Rabbi’s February 2024 Column

Shalom All,

This year is a leap year. In fact, it’s a double leap year (though I doubt anyone calls it that). What I mean is, this year we are adding an extra day on our secular calendar (February 29th) and an extra month to our Jewish calendar (Adar II). The reason we add a day to our secular calendar is easily explained by science (I’m sure you all remember it from school). The secular calendar is a solar calendar. It takes about 365 and a quarter days for the earth to complete one cycle around the Sun, but the normal calendar only counts 365 days. So, once every four years we add one day to even it out.

The Jewish calendar is a lunar calendar. It takes about 28 and a half days for the moon to complete one cycle around the earth. So one lunar month typically has 28 days and the next one 29. But the 12 lunar months of the Hebrew Calendar only adds up to 342 days, that’s 13 days shy of a secular year. Therefore, we add an entire month at the end of winter, when necessary, so the Passover remains a Spring holiday. This ultimately happens 7 times every 19 years.
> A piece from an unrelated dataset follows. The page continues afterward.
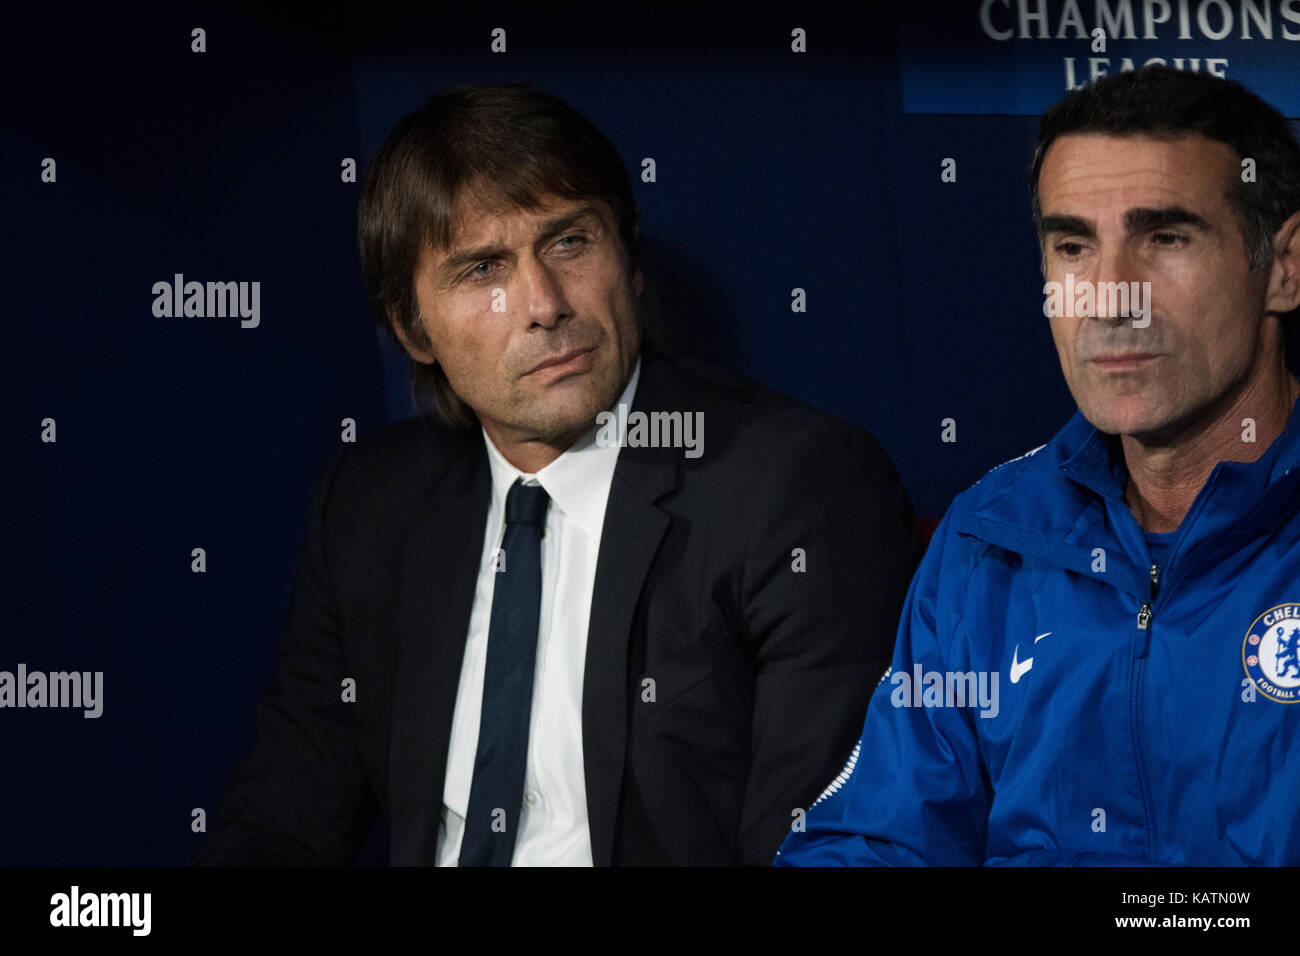 Antonio Conte High Resolution Stock Photography and Images - Alamy

What is means for us today, is that, even though Tu B’shvat was well over a week ago (by the time you read this), Purim, which would normally be just one month later, won’t actually occur until the end of March. This, in turn, pushes every Jewish holiday late this year. Rosh Hashanah is the very end of September. Yom Kippur is during the second week of October. Chanukah starts on the night of December 24th and ends on New Year’s Day 2025.

It also means that we have 2 long, cold months, with no holiday distractions. But fear not, we are filling that time with a new book study. I wrote about it briefly, last month, but we’ve decided to change the day and time we are meeting. We are still reading Communities of Meaning: Conversations on Modern Jewish Life Inspired by Rabbi Larry Hoffman. But we’ve decided to meet every other Sunday at noon, following Religious School, starting on February 25th. This way we can meet in-person, have a little nosh together, and talk about the future of Judaism, American Jewish Life, and the Synagogue. The book is available where ever you get your books. I’m also happy to send you the first section we are discussing if you’d like to sample it, first. Just let me know.

Here’s to a wonderful New Year.
May it be a happy, healthy, and sweet year for us all.